AfterDawn: Tech news

First in-screen fingerprint sensor announced in a smartphone

Written by Matti Robinson @ 11 Jan 2018 12:21

First in-screen fingerprint sensor announced in a smartphone

Fingerprint sensors are one of the best ways to authenticate in a smartphone, and in recent years they've become a staple that provides fast, secure and efficient way to unlock your device. However, in the past year or so, smartphone manufacturers have adopted a new type of technology that has made it harder to deploy a fingerprint reader in the phone.
Bezeless displays are have been the craze ever since people fell in love with the original Xiaomi Mi Mix. Now Apple, Google, Samsung, LG, Huawei, OnePlus, and others have their own nearly bezeless flagship phones.
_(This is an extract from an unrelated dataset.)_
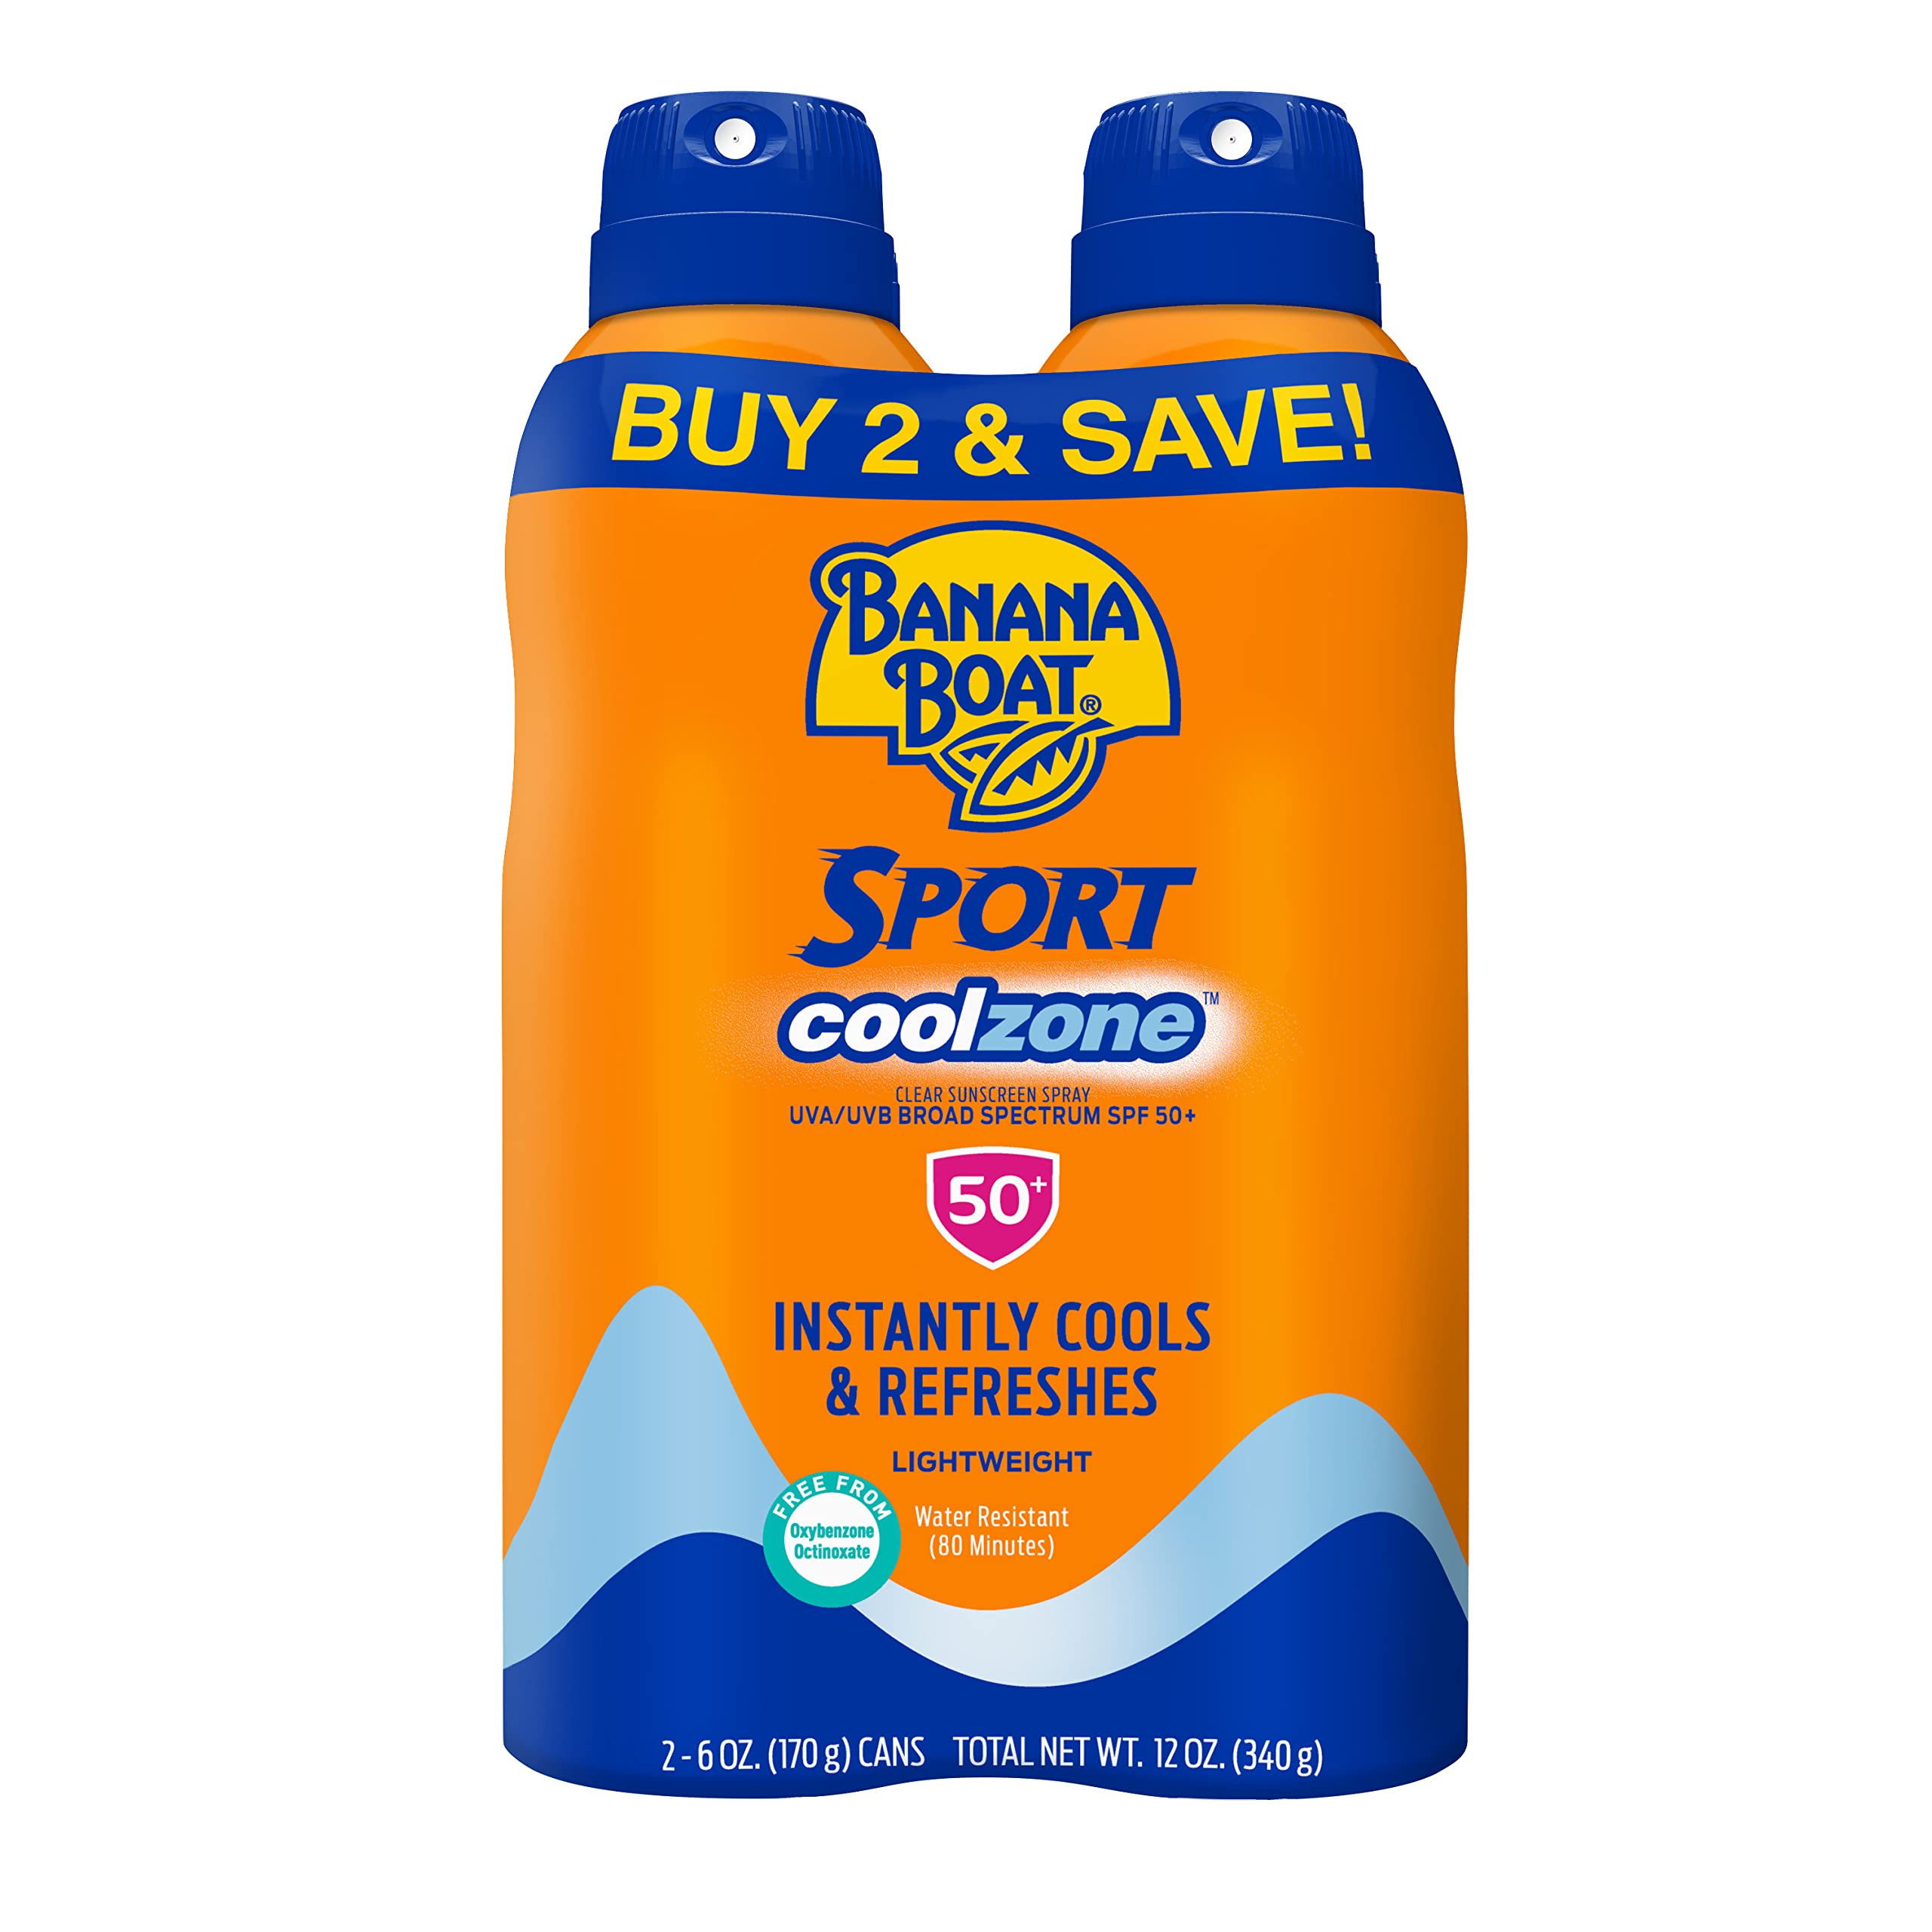 [4 cans @ $4.19/can] 2 x Banana Boat 50 SPF Sport Performance Cool Zone Broad Spectrum Sunscreen Spray, Twin Pack, 6 oz as low as $16.74 w/ S&S

That means that you've had to move your fingerprint sensor from the front, where many like it the best, to the back, or, as is the iPhone X's case, remove it completely.

However, maybe you prefer fingerprint sensor over even a state-of-the-art face unlocking like Face ID, and you definitely want it in the front because you need to unlock the phone a billion times a day while it's laying on the desk, and you still want a huge display that takes up nearly all the room from the front face of the phone.



Well, Chinese manufacturers showed a prototype of an in-screen fingerprint sensor even before the iPhone was out, but it was slow and not really where it needed to be to hit the markets. Last month, though, Synaptics, the company behind many of your laptop's trackpads and other input devices, unveiled an in-screen fingerprint sensor called the Clear ID (pictured). It promised a top tier manufacturer to showcase it at CES 2018.

Now that CES 2018 has been under way for a few days, the device with the new type of fingerprint sensor has indeed been demoed at the show. This Vivo smartphone is the first one to have an in-screen fingerprint sensor. It is located underneath the display but according to reports you can get a glimpse of it from the right angle when the display is off.

It's not as fast as the traditional readers at this point in time, Synaptics promises a 0.7 second unlock time while speediest sensors like on the OnePlus 5T do it in less than a third of second, but it will surely only get faster in the upcoming iterations.

Now we just have to see how many of the major players in the smartphone space are willing to give a few tenths to get perhaps a more aesthetically pleasing device.